Forum pertama akan berlangsung pada Maret 2022 di Yogyakarta secara hibrida, campuran luring dan daring. Sejumlah negara diundang, antara lain Kanada, Brasil, Argentina, Amerika Serikat, Turki, dan Afrika Selatan. Sejumlah organisasi juga akan berpartisipasi, seperti Organisasi Pangan dan Pertanian (FAO), ASEAN, serta Program Pembangunan Perserikatan Bangsa-Bangsa (UNDP).
AYU PRATIWI
Aksi unjuk rasa mengenai perubahan iklim global di depan Balai Kota Jakarta, Jumat (20/9/2019). Kegiatan itu dihadiri berbagai kalangan, dari yang berusia sekolah hingga profesional.
Kesepakatan
Direktur Jenderal Pengendalian Perubahan Iklim KLHK Laksmi Dhewanthi mengatakan, forum EDM-CSWG akan menghasilkan catatan kesepakatan antarnegara. Kesepakatan itu untuk berkolaborasi dan melakukan aksi nyata menjawab isu-isu yang dibahas selama presidensi G-20.
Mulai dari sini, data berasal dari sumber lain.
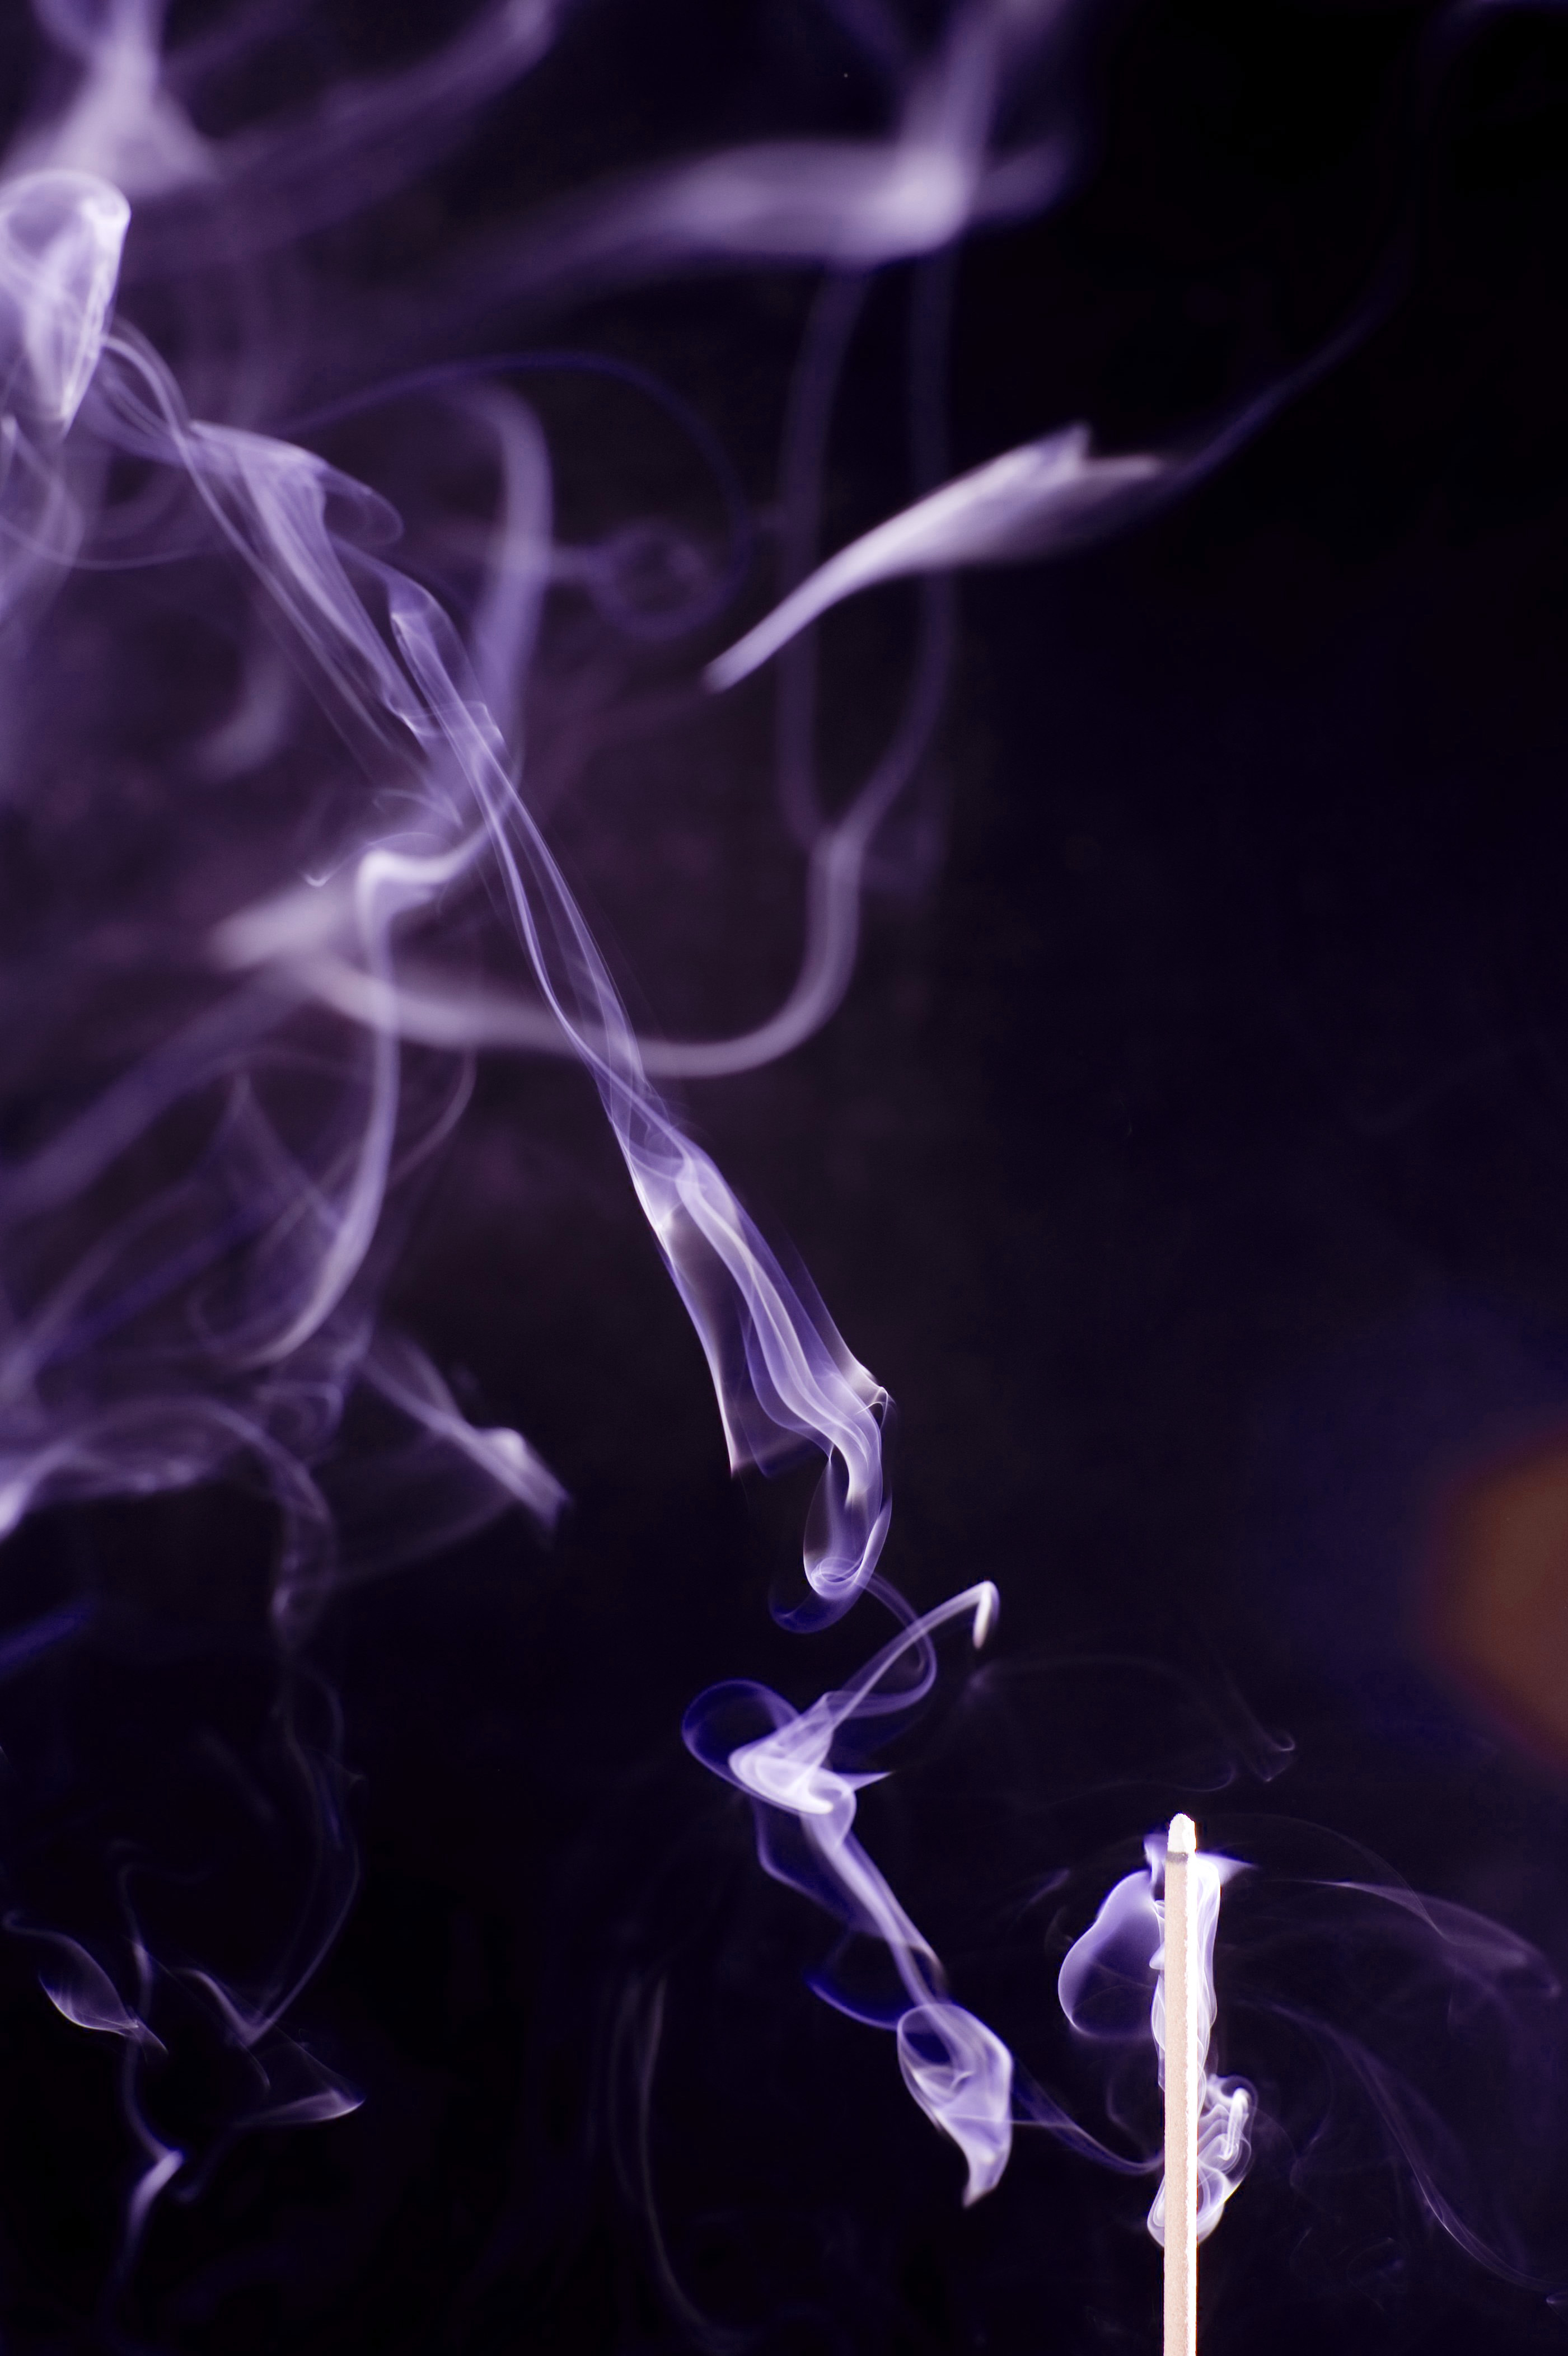 smoking incense. Free background and textures

Meskipun tidak bersifat mengikat, kesepakatan itu akan dipantau dan dievaluasi setiap tahun. Capaian tiap negara akan dilaporkan di presidensi G-20 tahun berikutnya. Kesepakatan ini dinilai mencerminkan komitmen negara-negara G-20 untuk mengatasi isu lingkungan.
”Di Indonesia, kita tidak hanya berkomitmen ke narasi atau deklarasi. Namun, hal itu diinternalisasikan dan diarusutamakan ke berbagai kebijakan dan program,” ucap Laksmi.
os
Aktivis kelompok Extinction Rebellion berkumpul di Lapangan Parlemen, pusat kota London, Inggris, dalam aksi krisis iklim, Selasa (1/9/2020). Aksi itu mendesak Parlemen Inggris memperhatikan komitmen menjaga lingkungan tetap hijau, seperti penanaman pohon dan pembangunan infrastruktur bagi pesepeda dan pejalan kaki sebagai upaya mengurangi emisi karbon.
Sebelumnya, KTT G-20 di Roma, Italia, pada 2021 menghasilkan 61 paragraf deklarasi dari para pemimpin dunia. Dari jumlah itu, 9 paragraf berisi isu perubahan iklim, 4 paragraf tentang lingkungan, dan 2 paragraf tentang transisi energi.
Isu utama tentang perubahan iklim yang berkembang dalam deklarasi tersebut, antara lain, akselerasi pengurangan emisi, penetapan kerangka waktu menuju nol emisi, serta ketersediaan teknologi dan pendanaan. Untuk isu lingkungan, yang dibahas adalah pelestarian keanekaragaman hayati dan penanganan degradasi tanah (Kompas,14/1/2022).
os
Aktivis kelompok Extinction Rebellion menyuarakan komitmen menjaga lingkungan tetap hijau dalam menghadapi perubahan iklim dan menghindari kepunahan dalam aksi di Lapangan Parlemen, London, Inggris, Selasa (1/9/2020).
Direktur Jenderal Pengendalian Pencemaran dan Kerusakan Lingkungan KLHK Sigit Reliantoro menambahkan, isu biodiversitas dan degradasi lahan akan dibahas pada EDM-CSWG. Isu biodiversitas penting mengingat kondisi keanekaragaman hayati global memburu. Berdasarkan studi oleh Intergovernmental Science Policy Platform on Biodiversity and Ecosystem Service (IPBES), sekitar sejuta spesies tumbuhan terancam punah. Selain itu, 93 persen stok ikan di laut terganggu atau dieksploitasi berlebihan.
”Isu degradasi lahan menjadi penting karena ini dihadapi 33,2 miliar orang. Kerusakan lahan juga menghilangkan 6,3 triliun hingga 10,6 triliun (dollar AS) atau setara 10-17 persen PDB dunia,” ucapnya.